The high temperature creep performance of high alumina bricks is expressed by creep rate. The torsional creep rate of the first-grade and second-grade high-alumina bricks is similar, and at 1200 °C, the creep rate is 0.25~0.29×10-5R.h, while the creep rate of the third-grade high-alumina brick is 3.5 at the same temperature ×10 R.h. -5r h, which is 10 times that of the first and second grade high alumina bricks. Phase analysis shows that the glass phase content of the first and second grade high alumina bricks is 7%~9%, and the glass phase content of the third and second grade high alumina bricks is 20%. The creep rate is not only related to the amount of glassy phase, but also to the composition of the glassy phase and its composition. high temperature viscosity. At 1200°C, the liquid phase viscosity of the third-grade high-alumina brick is only half of that of the first-grade high-alumina brick, and 26% of that of the second-grade high-alumina brick. Therefore, in the creep behavior of the three-stage high alumina brick, the glass phase plays a leading role, and besides the primary and secondary glass effects, the grain boundary creep also plays an important role. The higher the rate of direct bonding between crystal phases, the higher the grain boundary creep. more obvious. Obviously, improving the purity of raw materials in production, changing the chemical and mineral composition of the matrix, reducing the number of glass phases and adjusting the composition of glass phases are the keys to improving high temperature creep. At the same time, it can also improve high temperature volume stability and slag resistance.

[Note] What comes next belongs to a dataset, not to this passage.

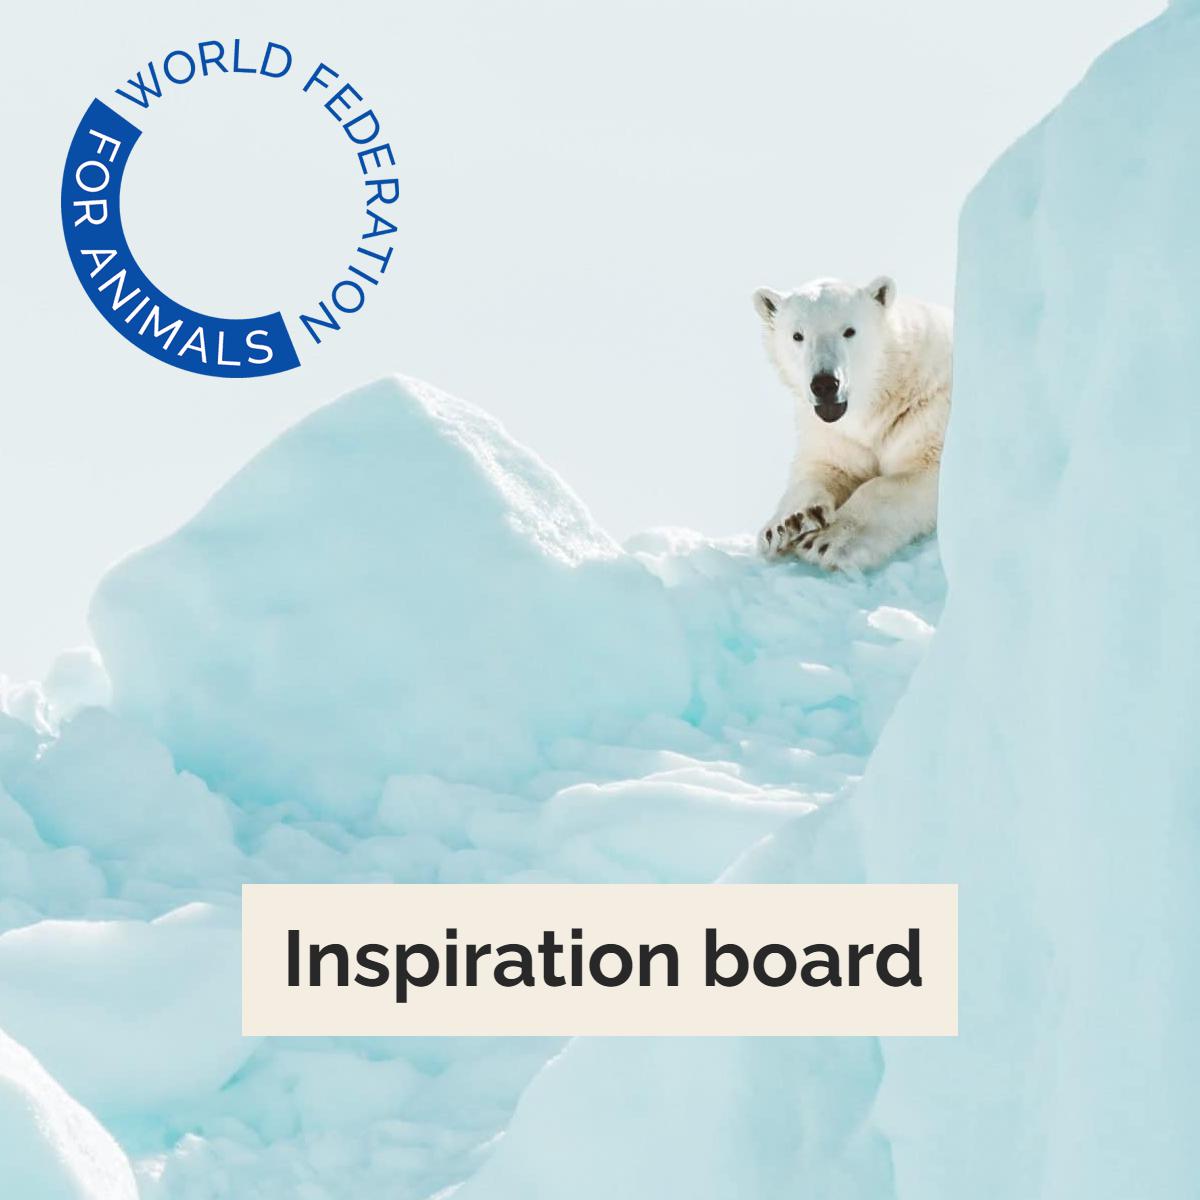 World Federation of Animals inspiration board

The thermal shock stability of high alumina bricks is poor, which is closely related to the phase composition of the product. In production, measures such as adjusting the particle composition of the mud and improving the particle structure characteristics of the product are usually adopted to properly improve its thermal shock stability. Adding an appropriate amount of synthetic cordierite and zircon micropowder in the ingredients produces a product with high thermal shock stability and high alumina, which has achieved certain results.
High alumina bricks are widely used as lining materials for thermal equipment used in industrial production fields such as metallurgy, machinery manufacturing, petrochemical industry, electric power and light industry.